# Aim of the task:
Output exactly, in the material below, the lines from the one with "Entrada a la" through the one with "Räume für Tagungen, Schulungen, Trainings, Meetings". Omit all pictures.

# Materials provided:
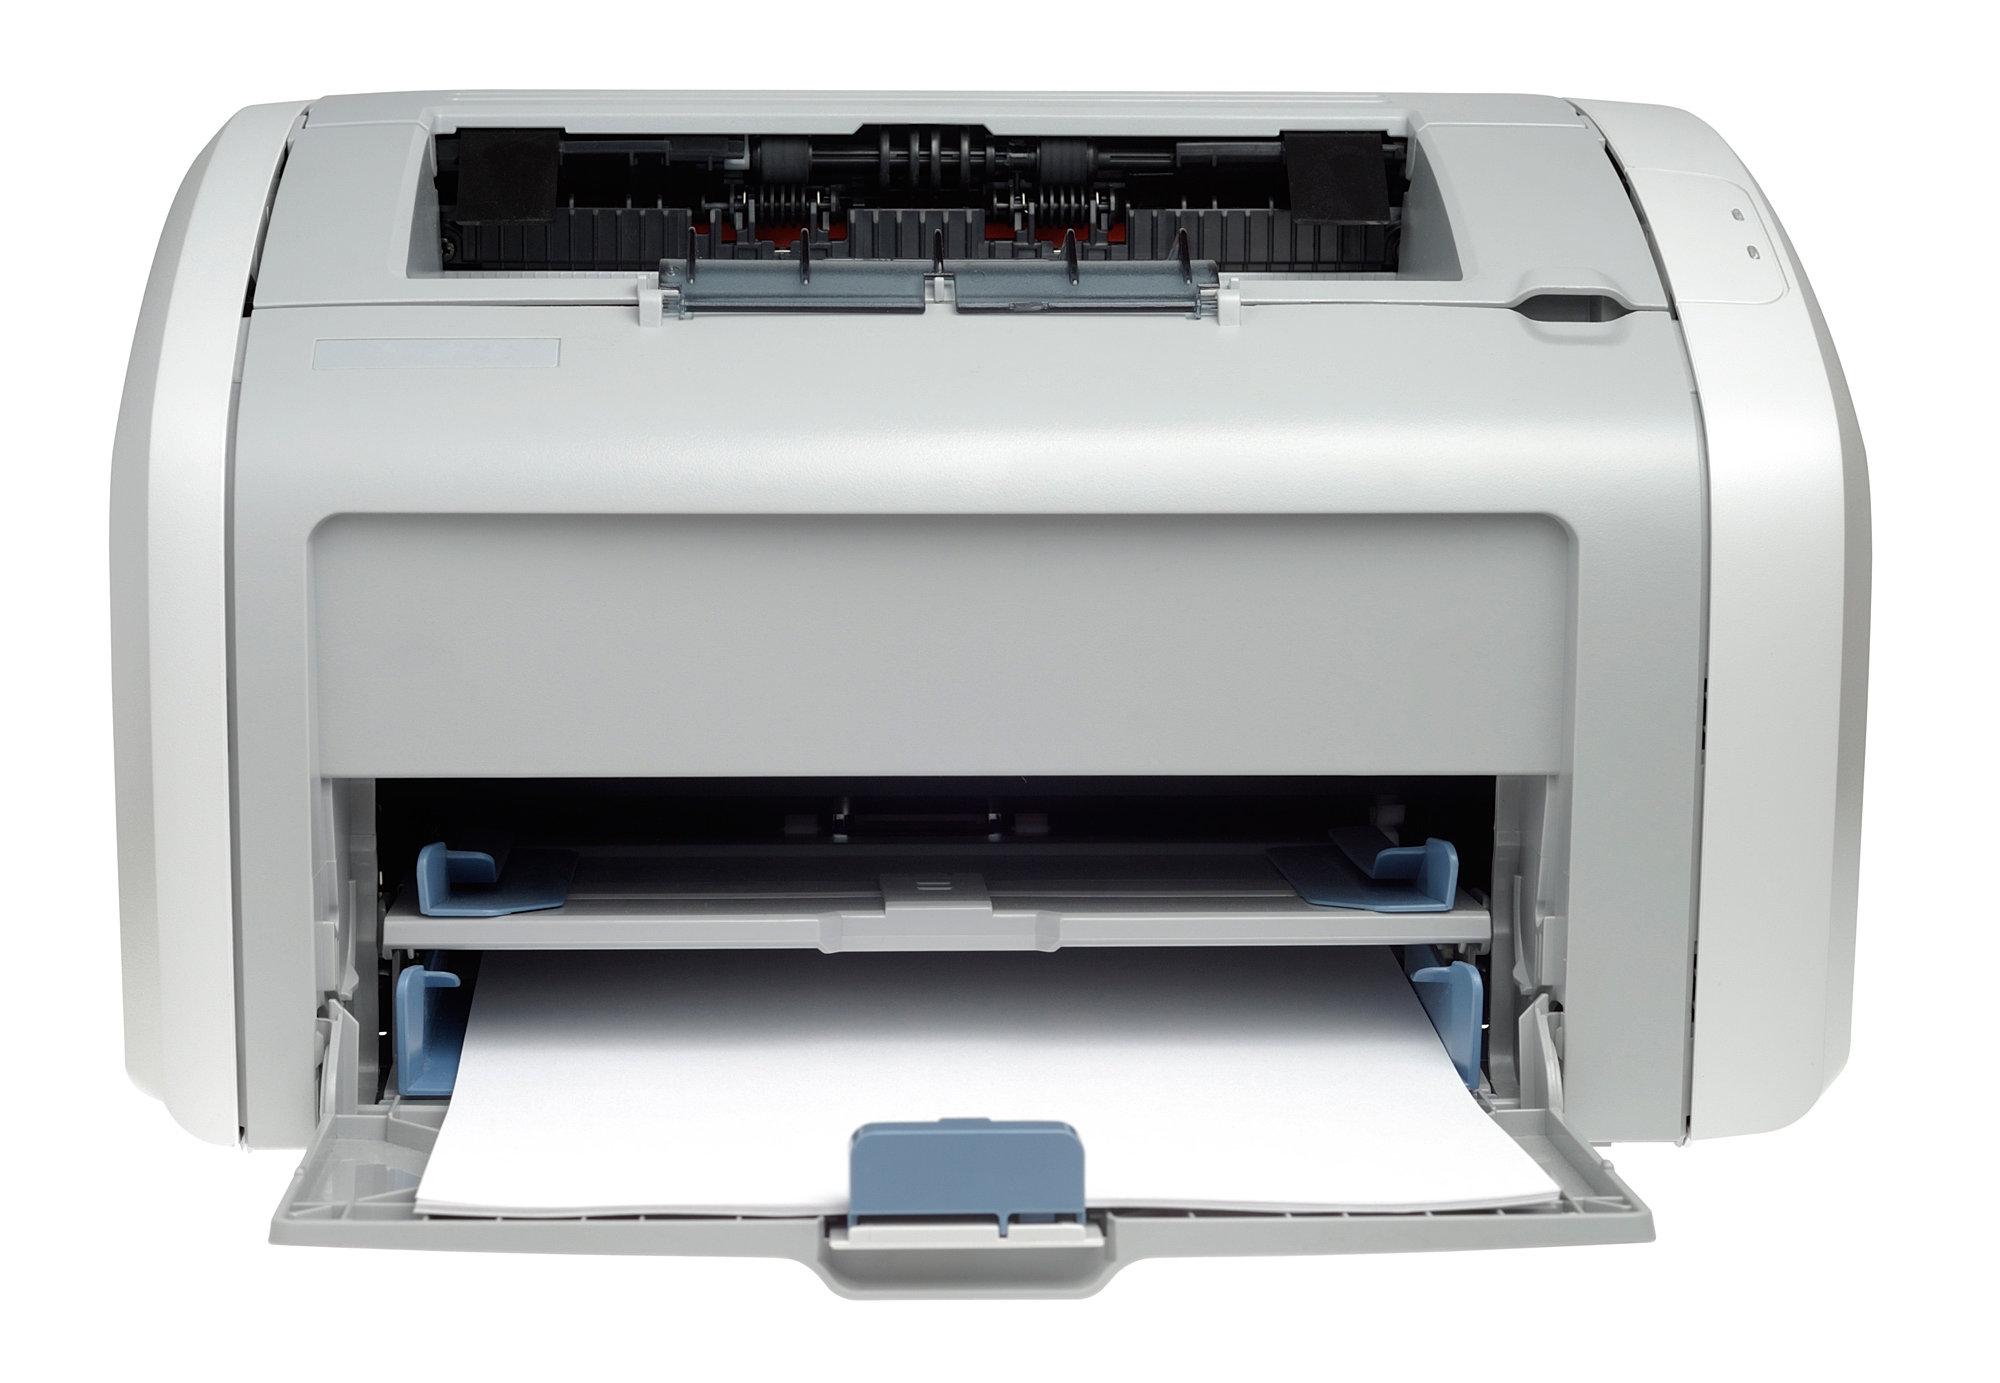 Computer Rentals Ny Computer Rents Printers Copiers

* * *

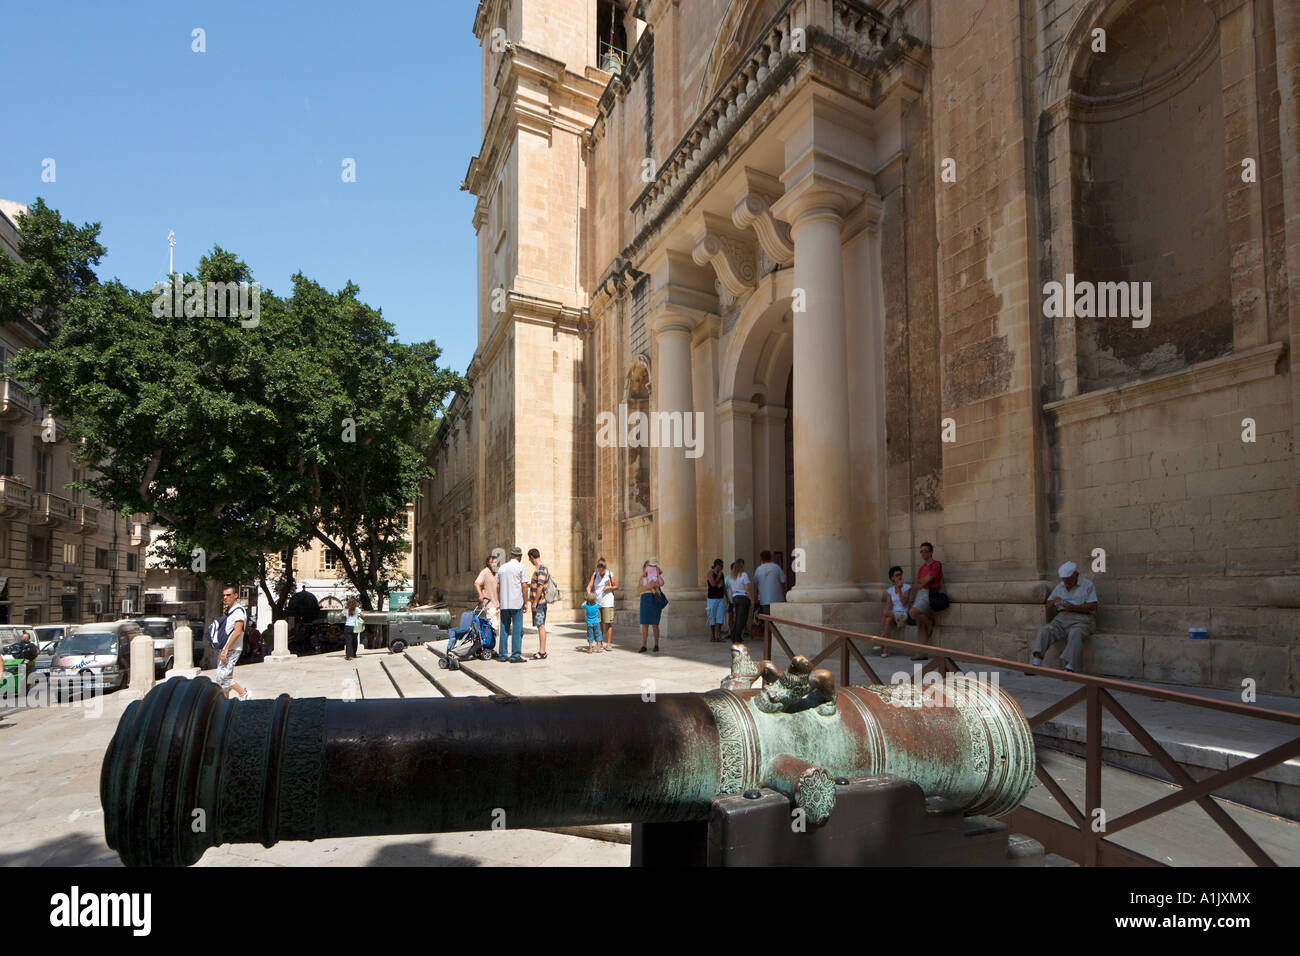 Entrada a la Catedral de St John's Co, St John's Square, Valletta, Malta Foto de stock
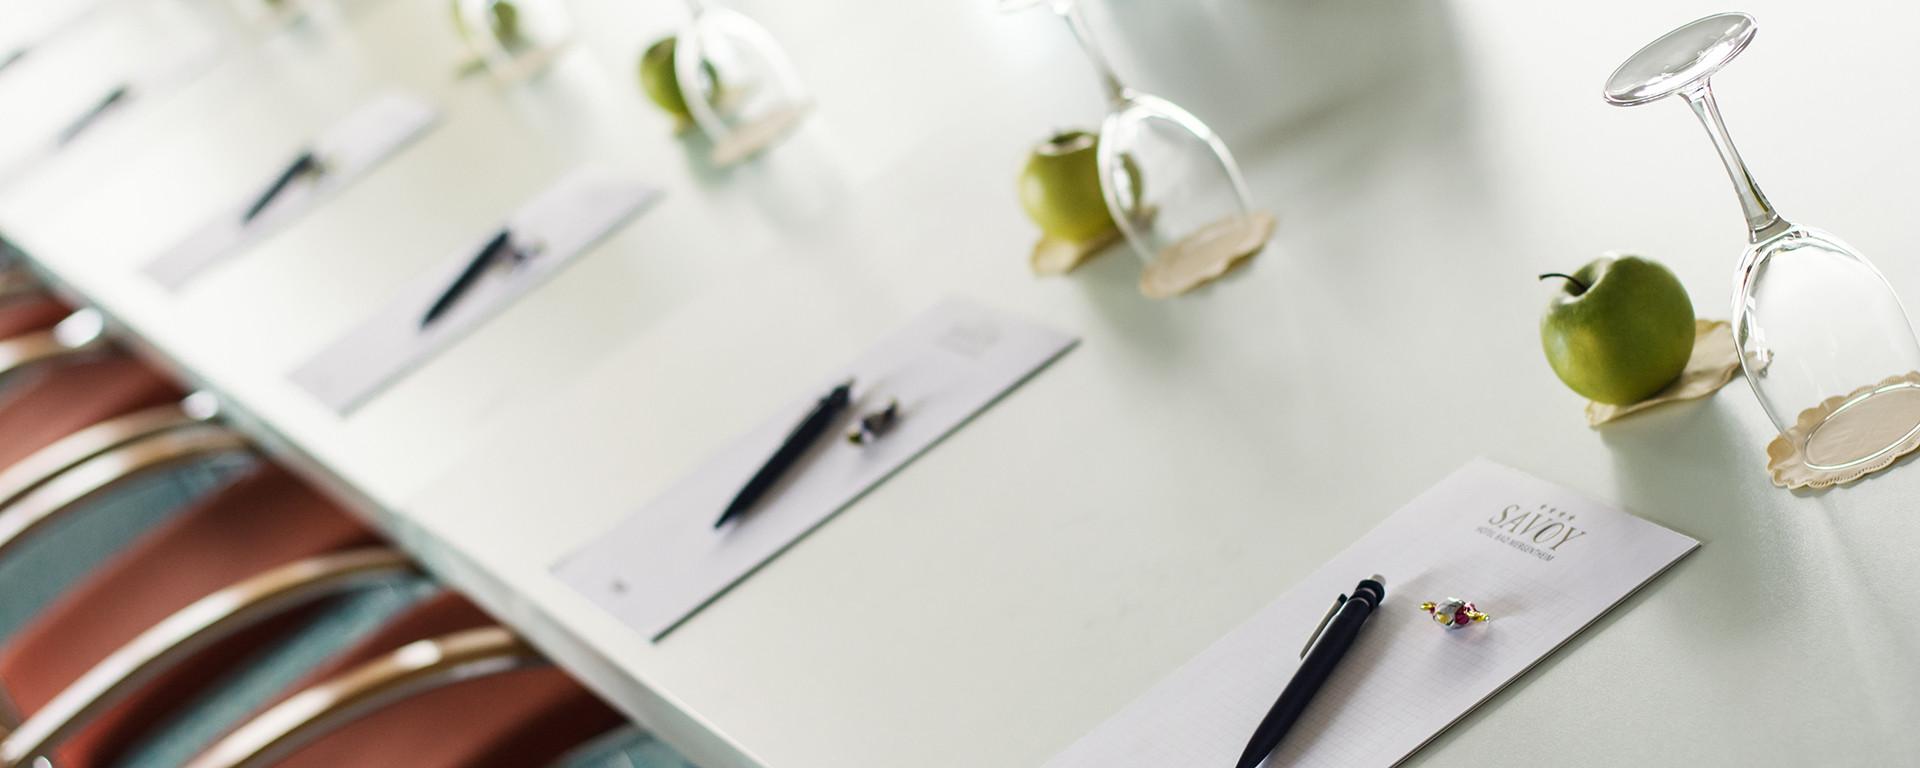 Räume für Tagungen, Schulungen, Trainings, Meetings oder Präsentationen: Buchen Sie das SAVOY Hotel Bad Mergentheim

--

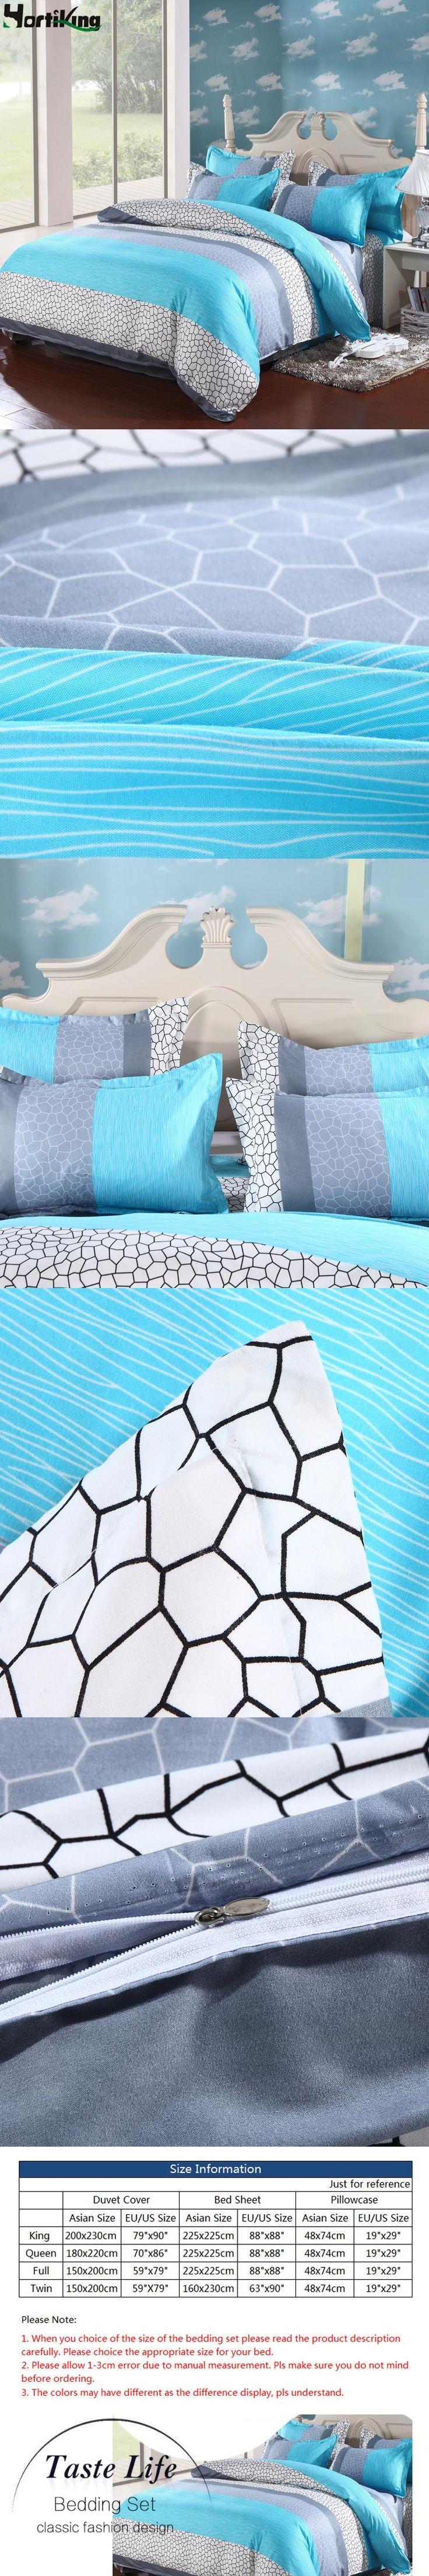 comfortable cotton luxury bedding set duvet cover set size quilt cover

# Response to this task:
 Entrada a la Catedral de St John's Co, St John's Square, Valletta, Malta Foto de stock
 Räume für Tagungen, Schulungen, Trainings, Meetings oder Präsentationen: Buchen Sie das SAVOY Hotel Bad Mergentheim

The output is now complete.